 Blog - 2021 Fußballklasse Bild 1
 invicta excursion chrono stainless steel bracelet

---

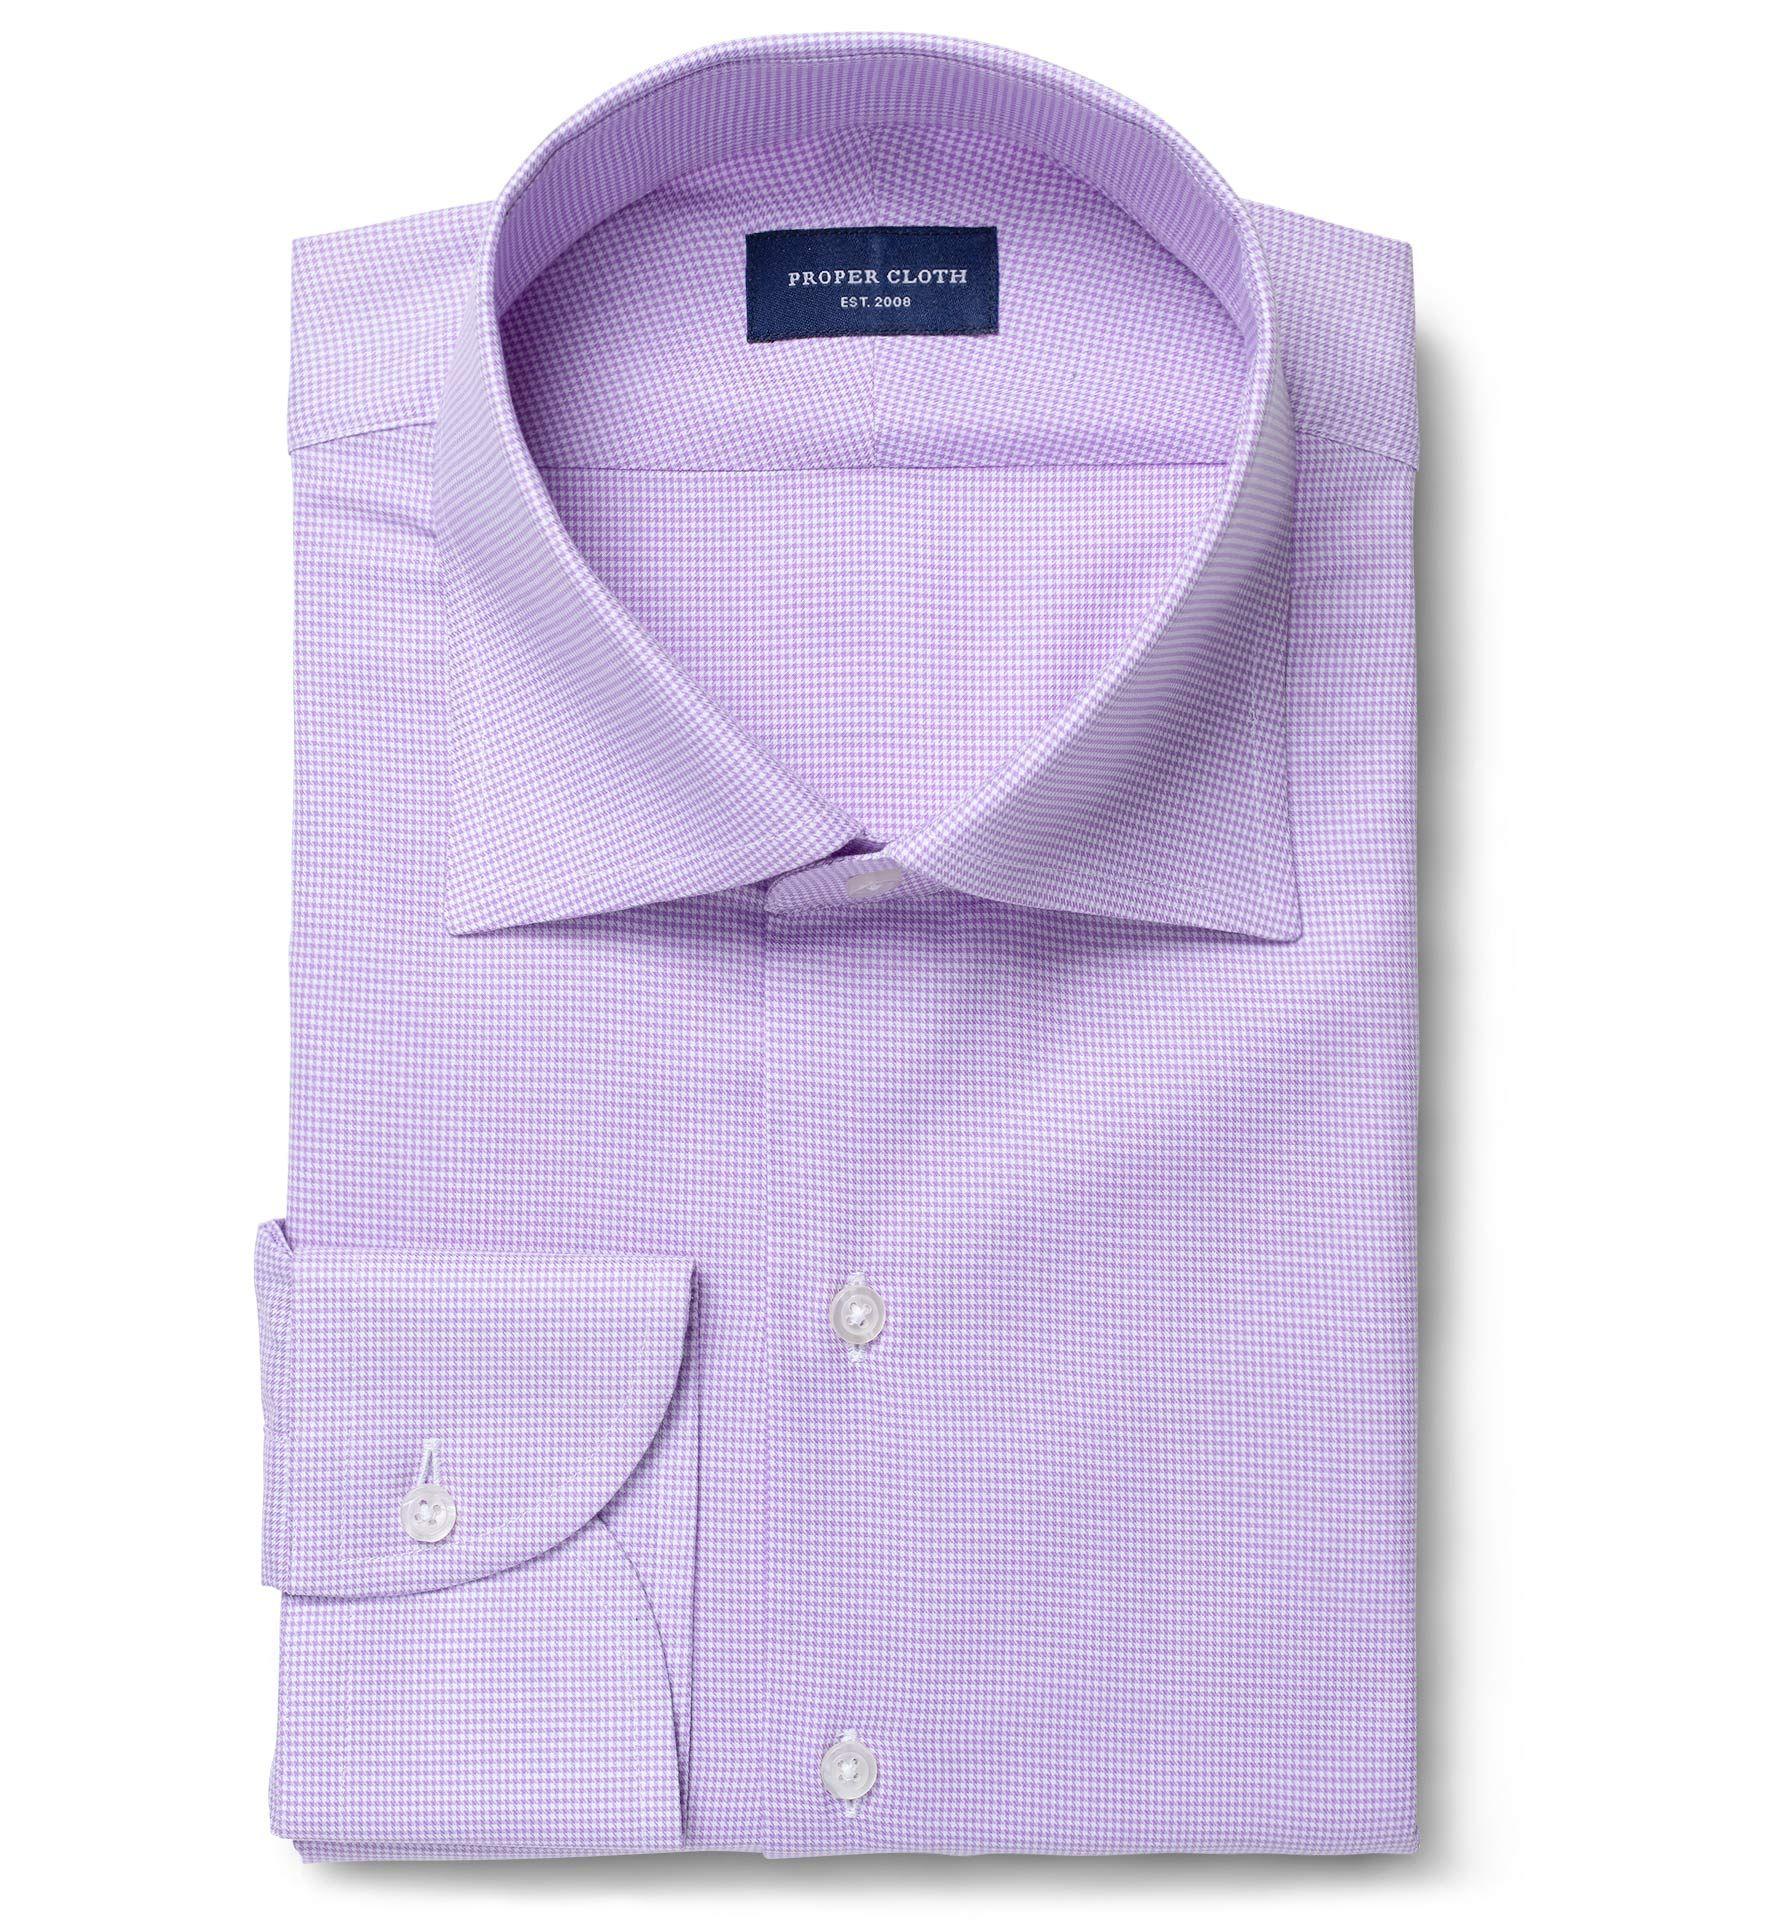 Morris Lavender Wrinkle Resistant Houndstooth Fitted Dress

---

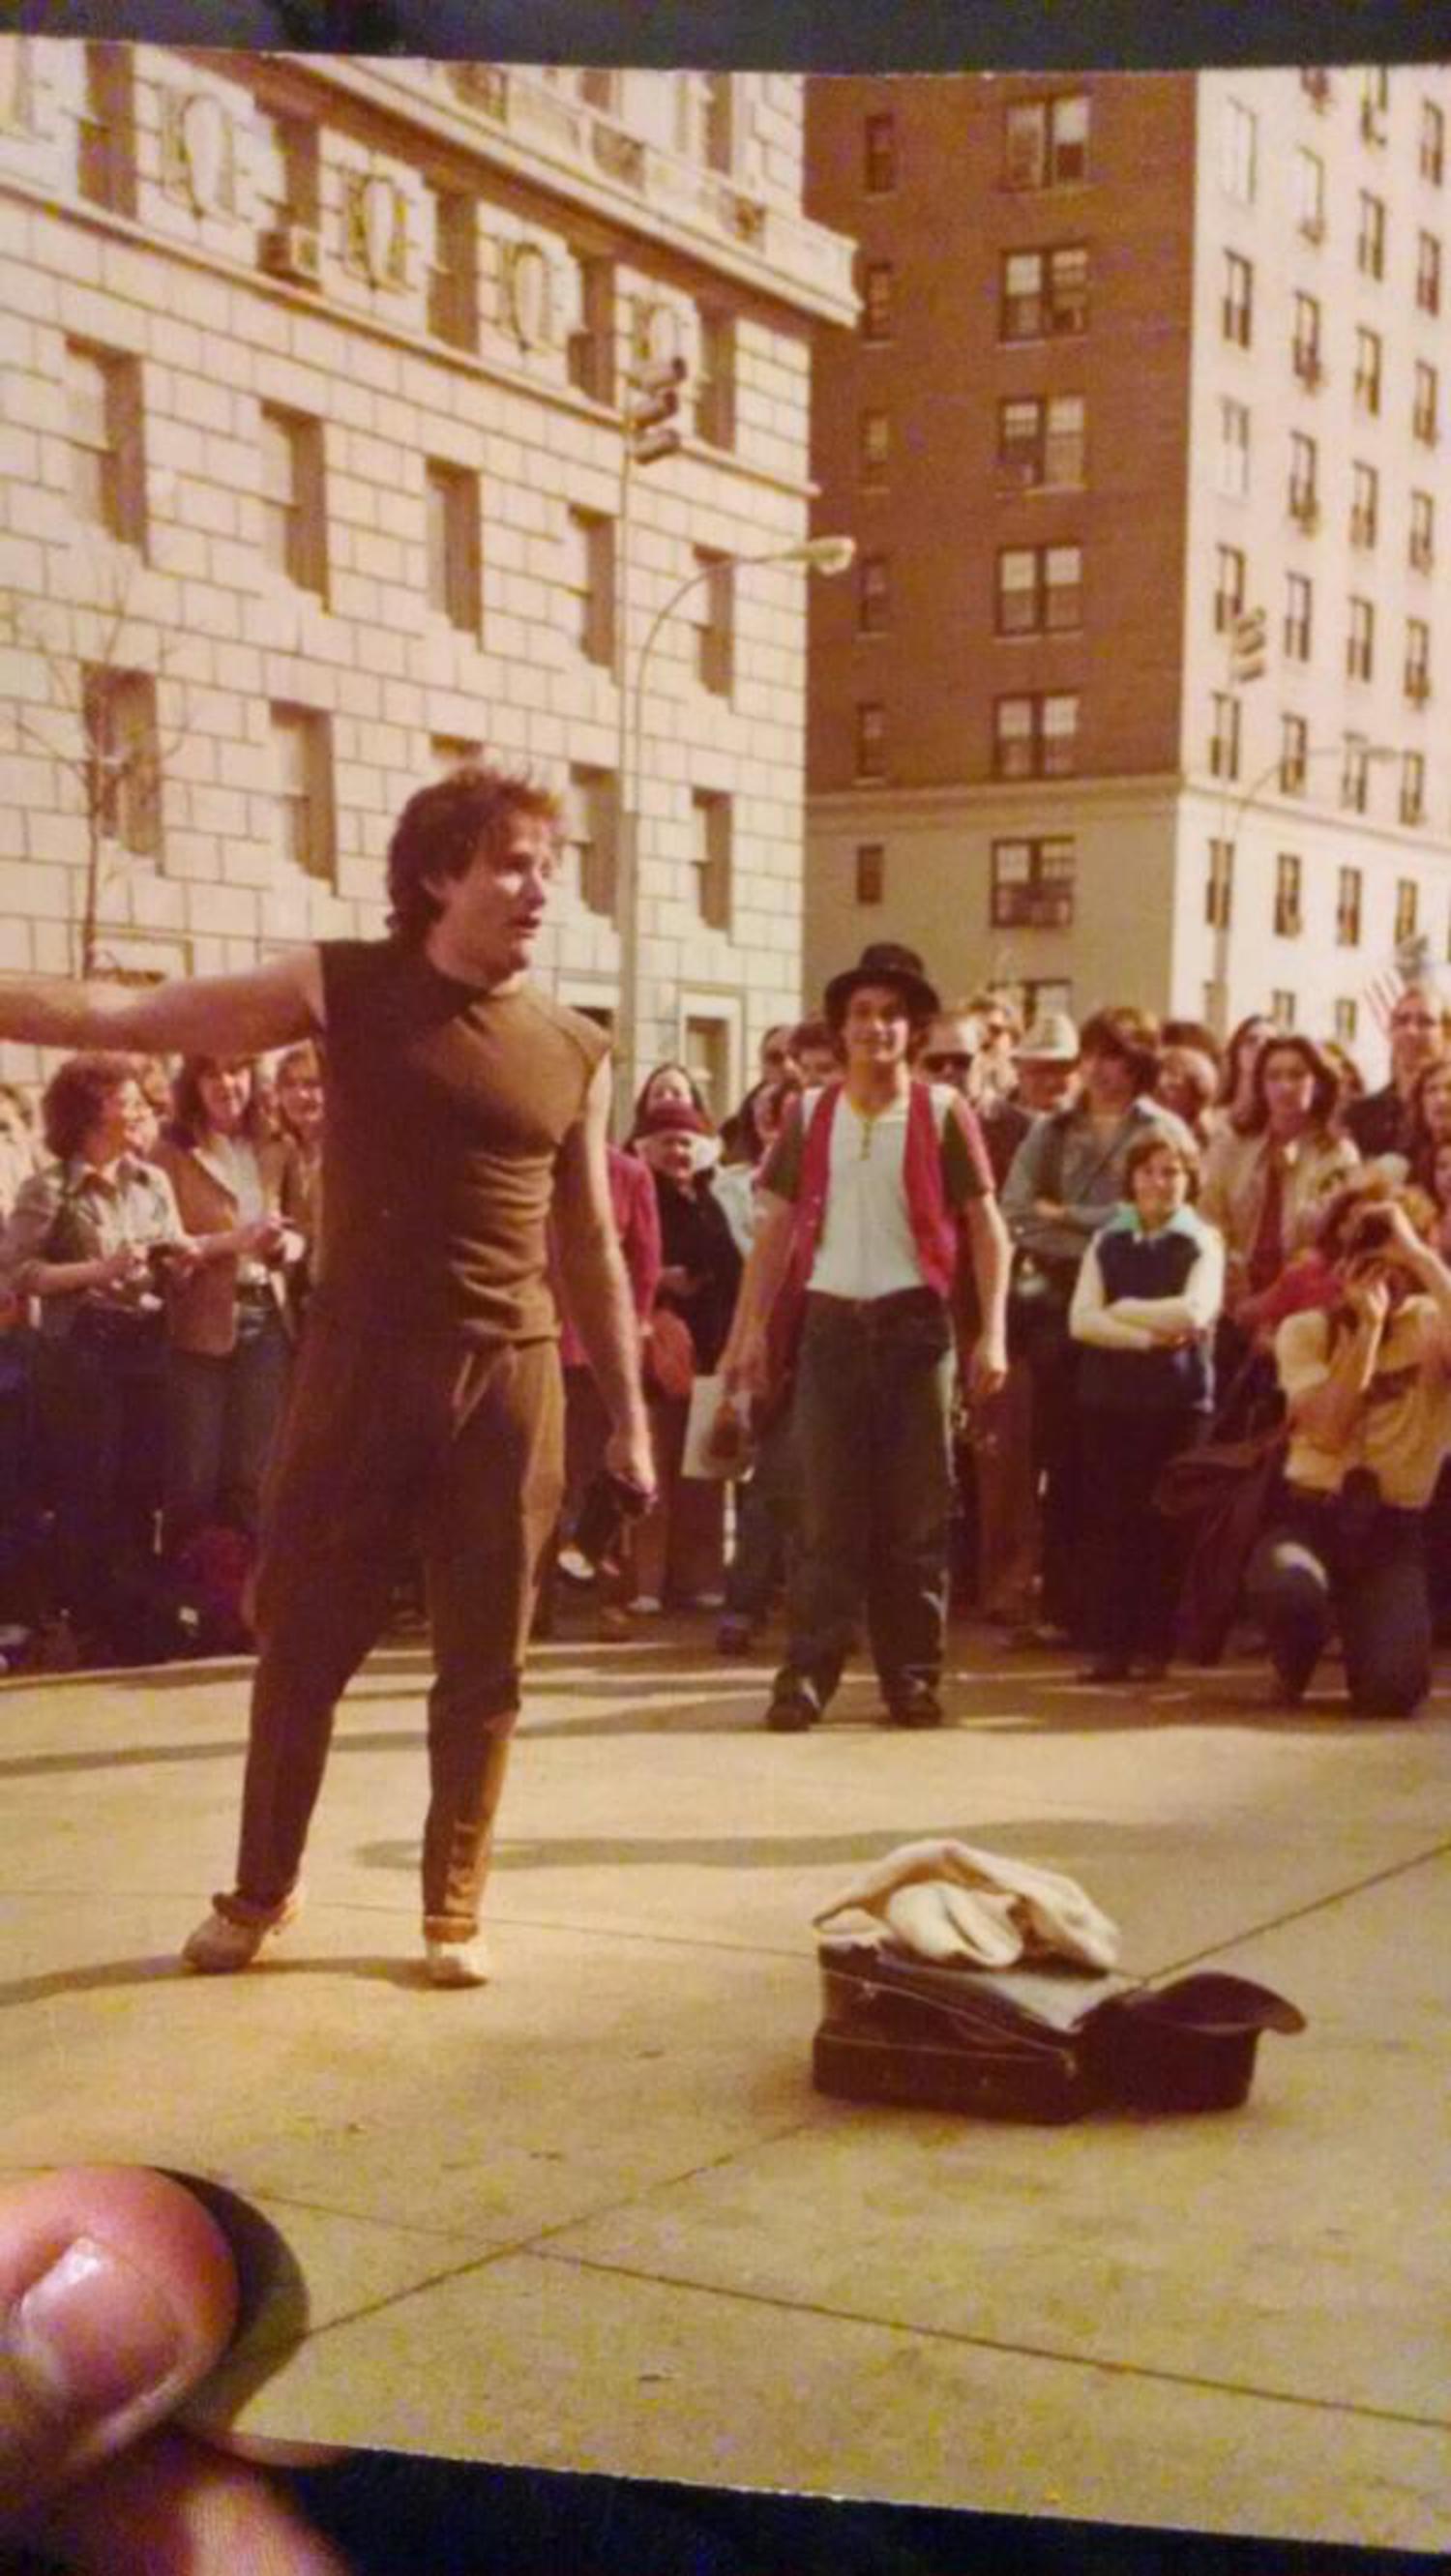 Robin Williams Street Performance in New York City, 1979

# [Task directions]
From the data above, return every line from the line that has "Blog - 2021 Fußballklasse Bild 1" up to and including the line that has "invicta excursion chrono", exactly.

# [Task solution]
 Blog - 2021 Fußballklasse Bild 1
 invicta excursion chrono stainless steel bracelet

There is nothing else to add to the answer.